Religion causes more division than unity

Religion causes more division than unity

That’s the conclusion the audience at the Metropolis 2018 conference reached after a debate on the subject.

The Ethics Centre’s Dr Simon Longstaff moderated the debate under Chatham House rules, meaning that no one could report what the participants said verbatim and attribute it to them.

This, he said, was because participants had their ‘side’ of the debate allocated to them. Rather than reflecting on their own opinions, they explored the ideas and subjected them to scrutiny.

The University of Western Australia’s Farida Fozdar and author Sunil Badami spoke in favour of the motion. Jawad Syed (Lahore University, Pakistan) and Peggy Levitt (Wellesley College, USA) spoke against.

Both sides stressed that the subject was complex, and that faith could be divisive or a unifying force. Dr Longstaff observed that the topic was “not binary” and that it was a matter of determining whether religion had contributed more to disunity or unity.

The affirmative argued that the way that the world religions argued that their own way was the only correct one led to the persecution of religious minorities.

The audience heard that there are 4,200 religions around the world, with Christianity having around 80 denominations. Biblical texts, the affirmative team argued, had been used to justify slavery and war.

‘Religion’, the negative team argued, was misunderstood, and was not to blame for the world’s major problems. They said that it should not be confused with its “misappropriation” for political ends.
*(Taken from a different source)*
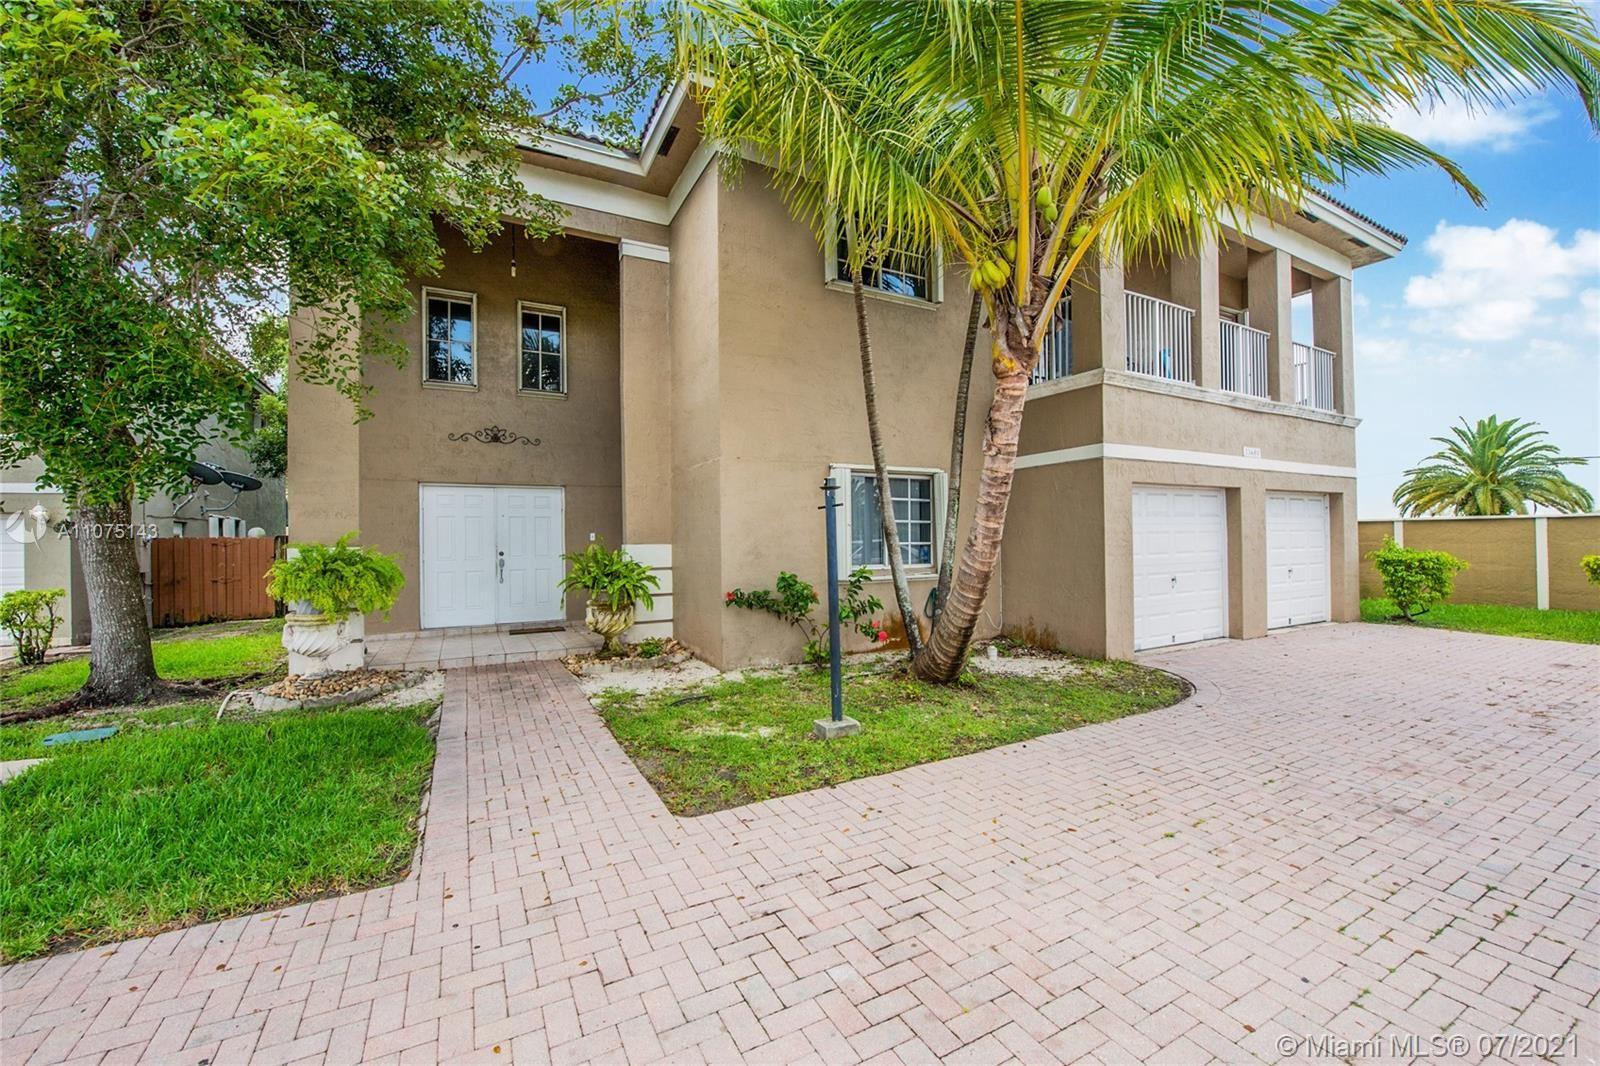 13680 SW 141st St, Miami, FL 33186 - #: A11075143
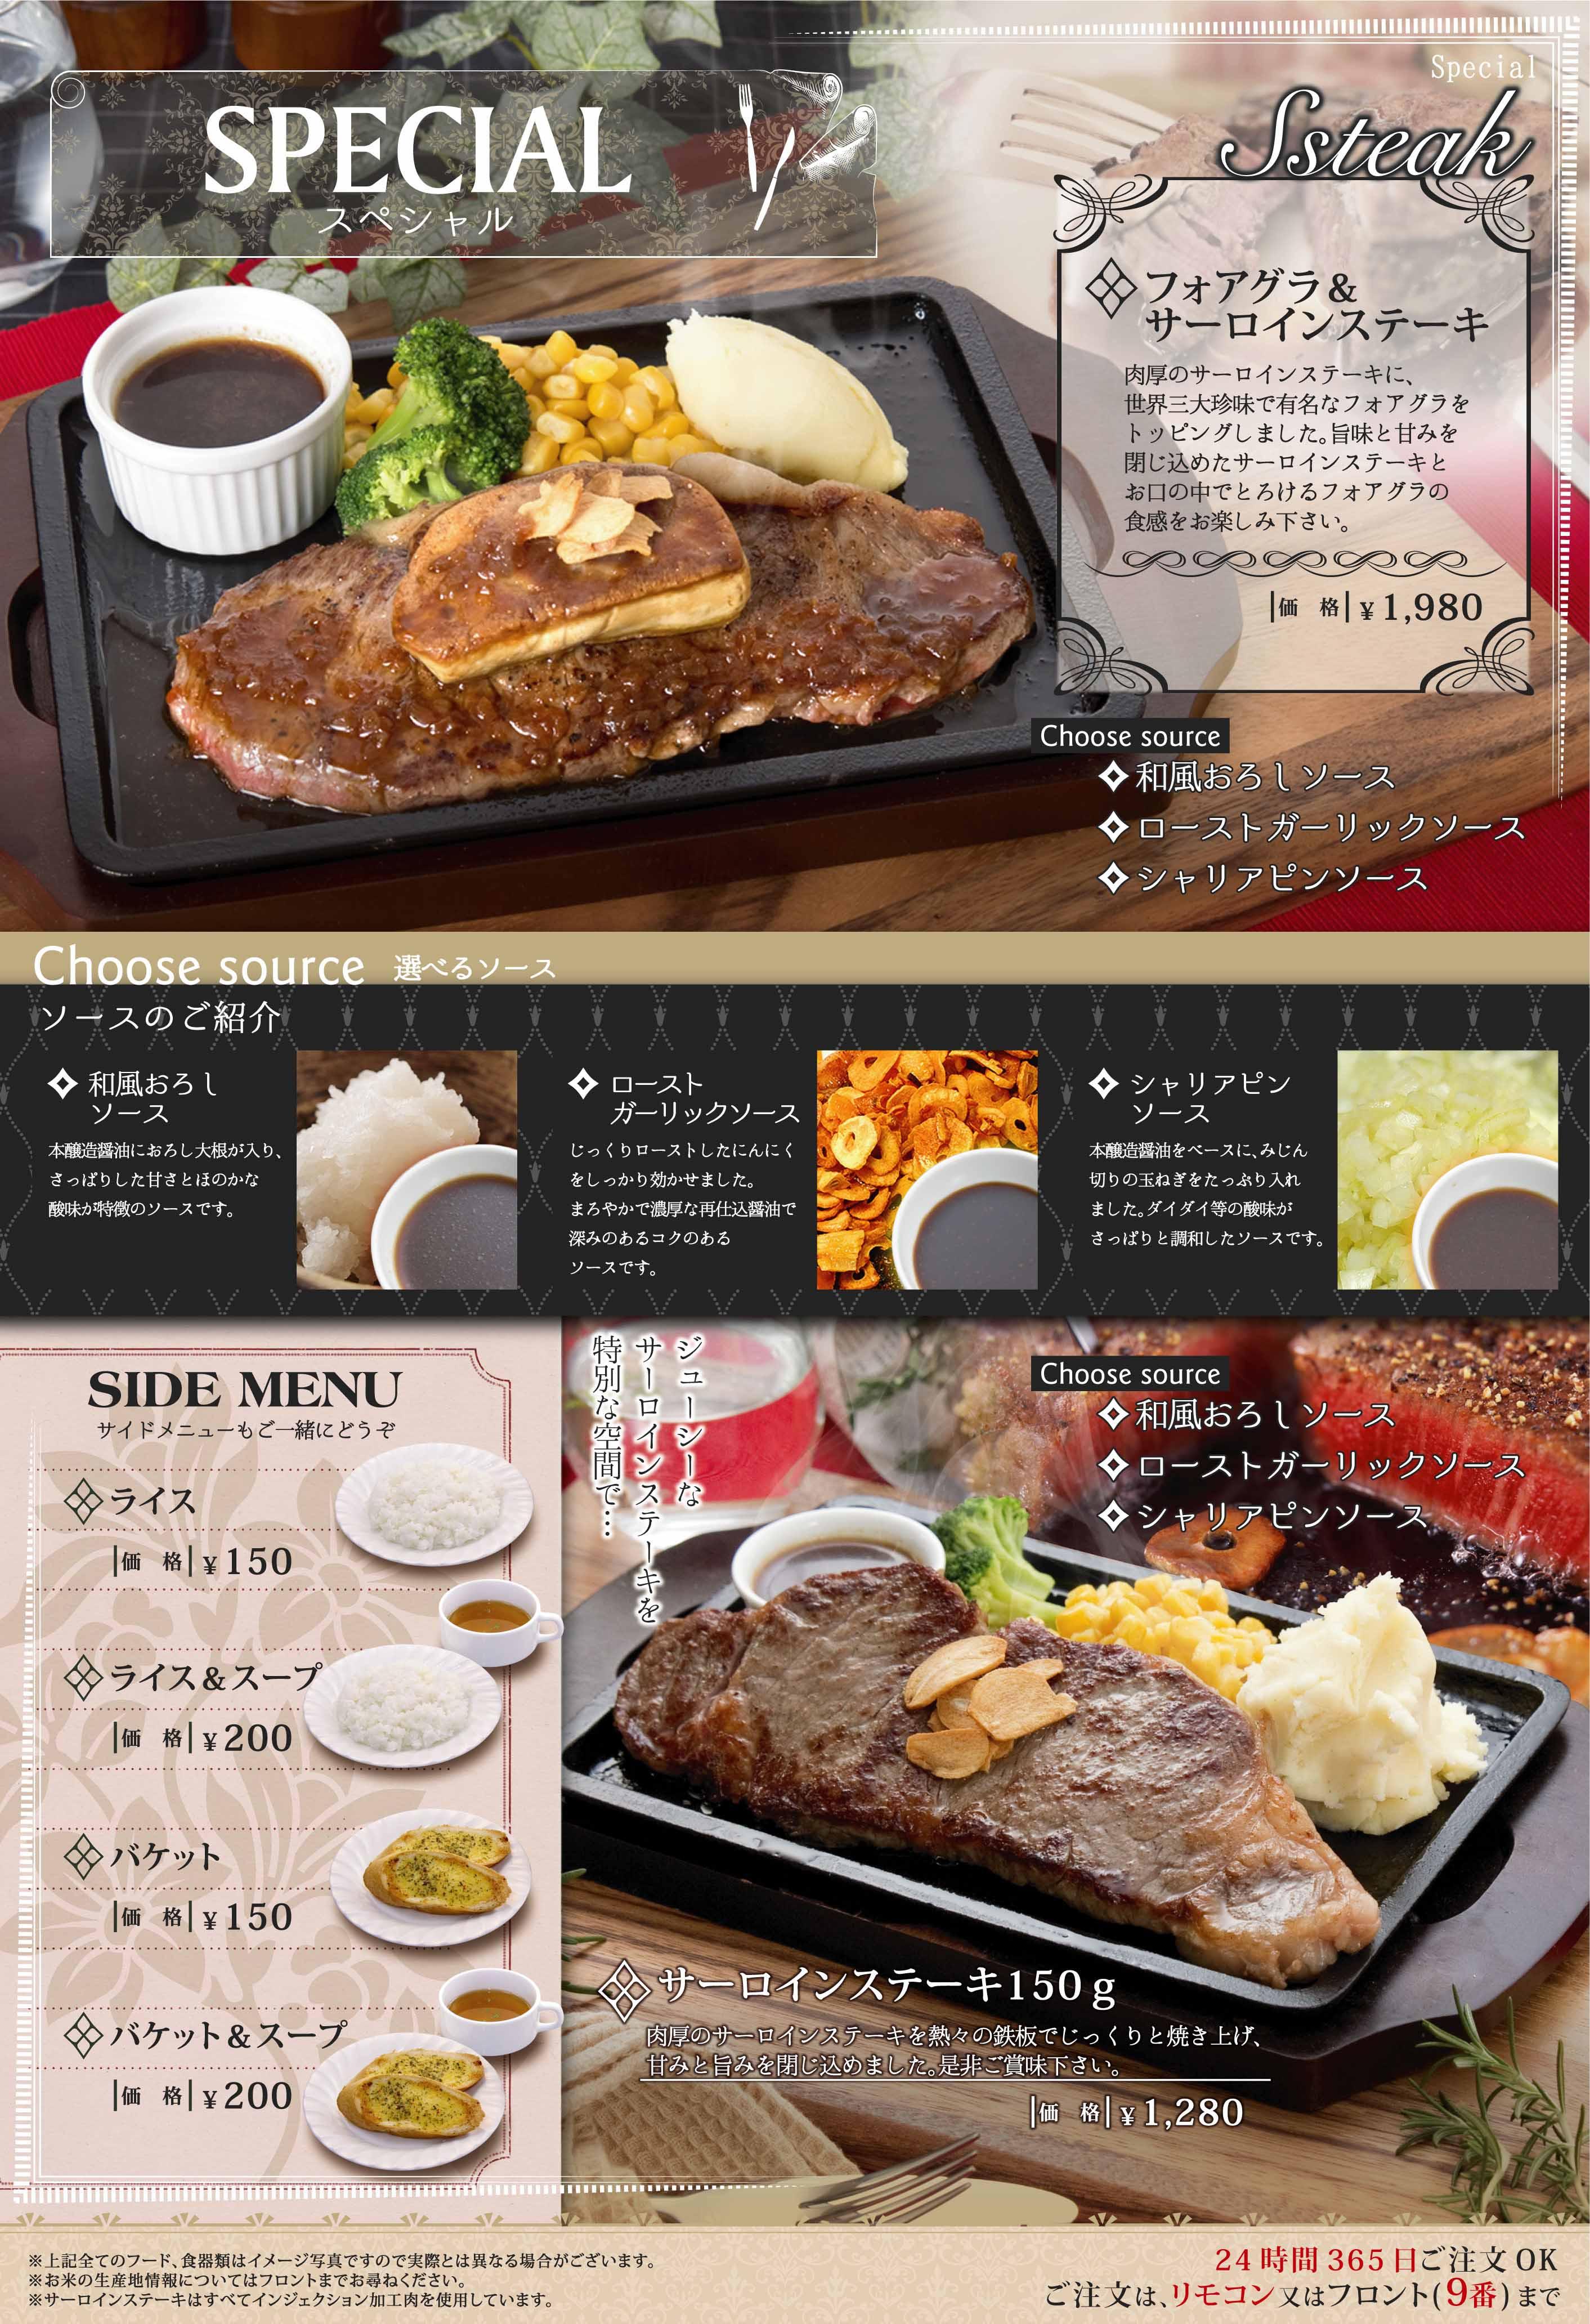 ハンバーグ/ステーキ

Audience members answered a poll on the question before the debate took place, with the result being 56 percent in the affirmative and 28 percent against, with 16 percent undecided. After the debate, the final numbers were 59 percent affirmative, 33 percent negative, and eight percent undecided.

Metropolis 2018 ran from 29 October to 2 November at Sydney’s International Conference Centre (ICC). According to the event’s outgoing chair, Dr Howard Duncan, the event seeks “to enhance immigration policy through empirical information.”

Metropolis 2019 will take place in Ottawa, Ontario, Canada.